BERLIN — Senior German officials are seeking European support for a new global charter safeguarding personal privacy online, as the country's data protection watchdogs called Wednesday for the suspension of a key agreement with the United States over revelations about U.S. intelligence-gathering on the Internet.

The moves reflect concerns in Germany that the U.S. National Security Agency may have collected personal information on millions of Web users in breach of national and international rules. The claim, made by NSA leaker Edward Snowden, has become an election issue in Germany two months before the country goes to the polls.

A letter sent by Germany's foreign and justice ministers to their European Union counterparts proposes expanding a 1966 U.N. human rights treaty to cover modern forms of communication like email, instant messaging and social media.

"We want to use the current debate to launch an initiative that would outline the inalienable privacy rights under current conditions," the two ministers wrote. The letter, sent last week but only released Wednesday, suggests convening a meeting of all 167 parties to the International Covenant on Civil and Political Rights. The United States ratified the treaty in 1992.

U.S. officials have defended the NSA programs as necessary to prevent terrorist attacks.

But Germany's independent privacy watchdogs said the surveillance programs breach an EU-U.S. pact meant to ensure cross-border data protection.

The 2000 'Safe Harbor' agreement requires U.S. companies to grant European customers the same level of data protection they could expect in Europe — even if their data is processed or stored elsewhere.
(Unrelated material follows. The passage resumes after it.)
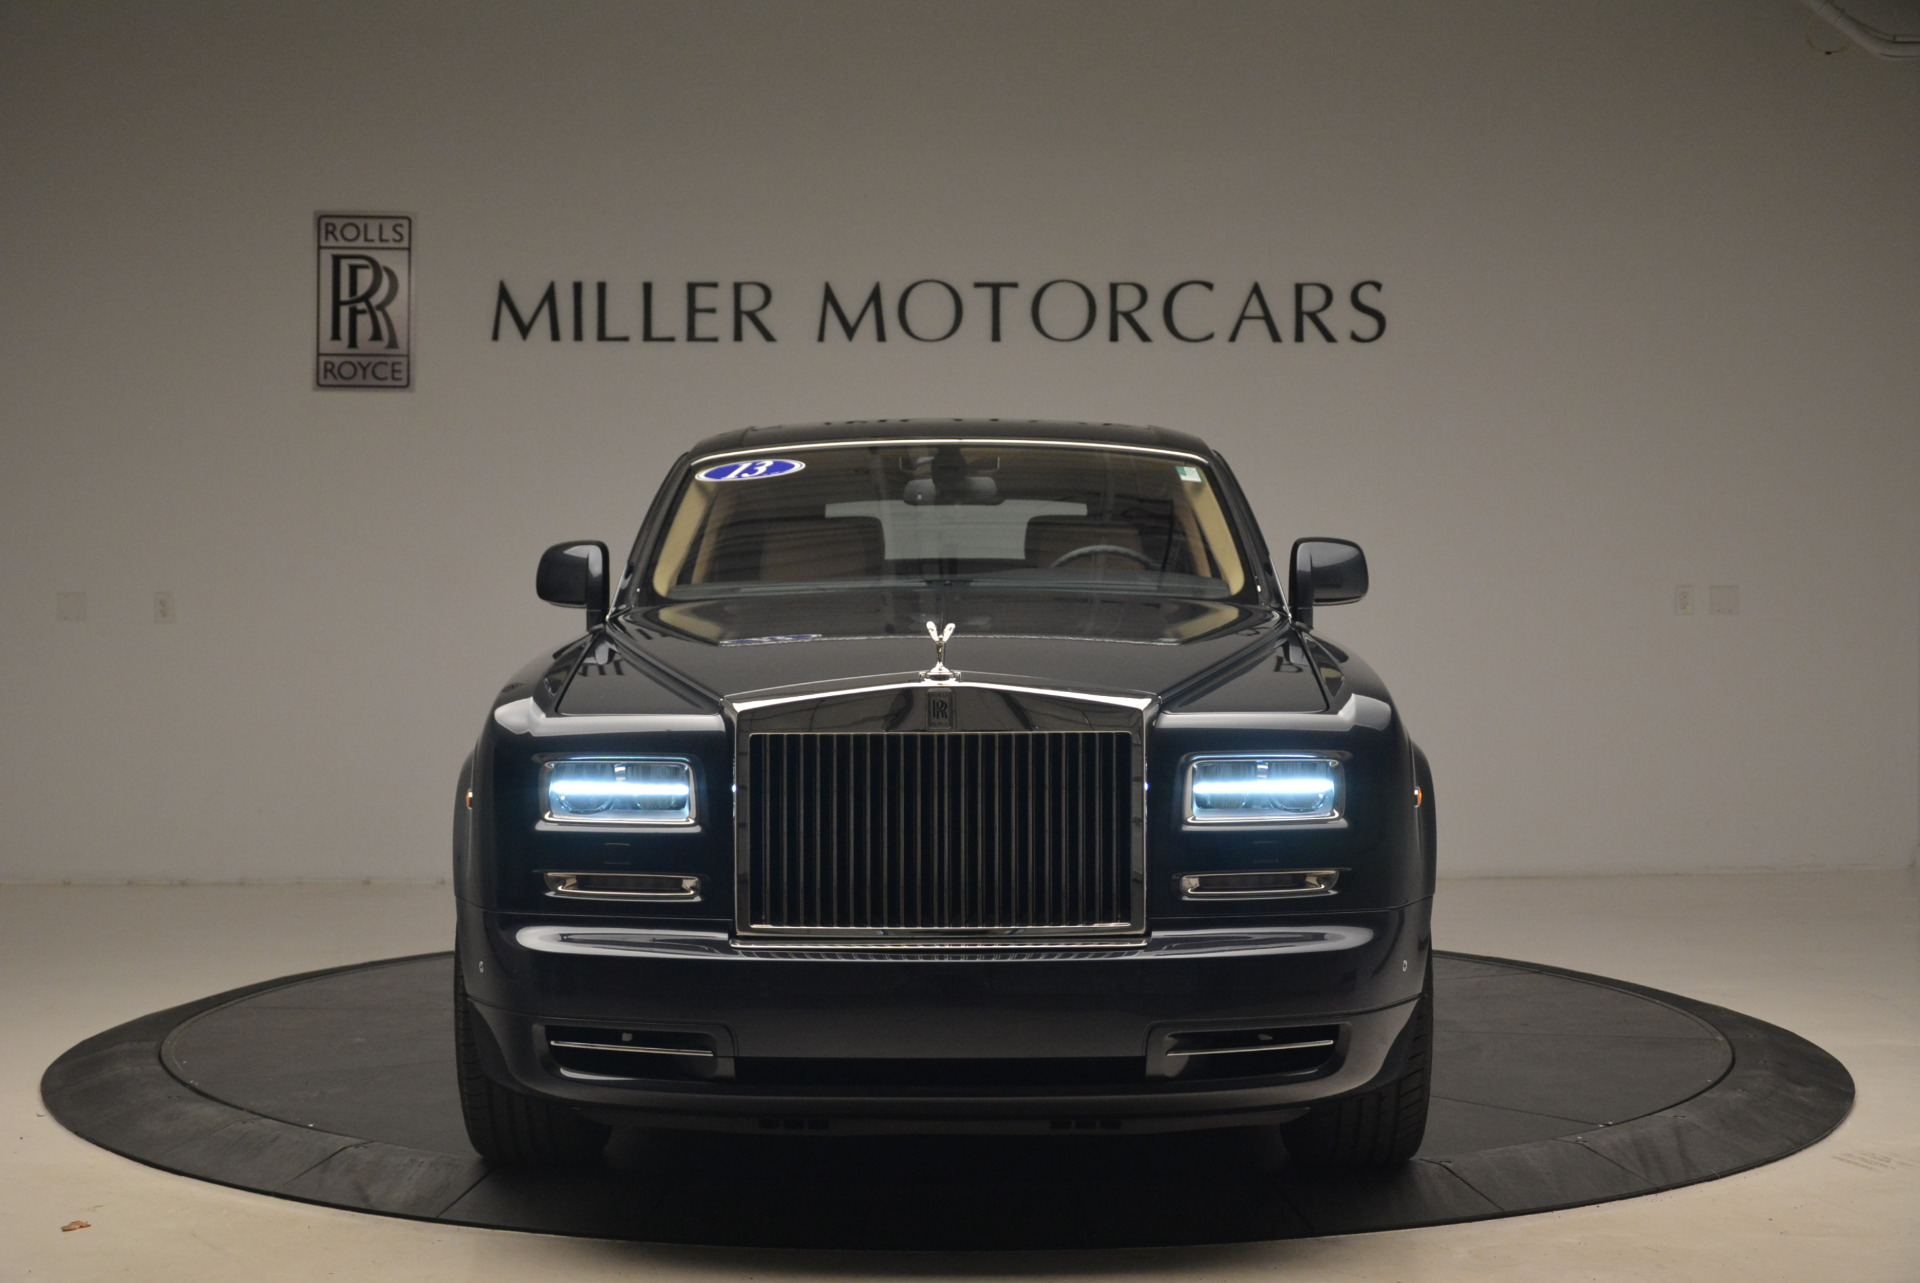 Used 2013 Rolls-Royce Phantom  For Sale In Greenwich, CT. Alfa Romeo of Greenwich, 7353 2208_p3

But according to Snowden, one NSA program known as PRISM gives the agency comprehensive access to customer data from companies such as Google and Facebook.

The data protection commissioners said the practice effectively makes interception of personal data routine, rather than the exception, and urged European officials to consider suspending the agreement "in view of the excessive surveillance activities of foreign intelligence agencies."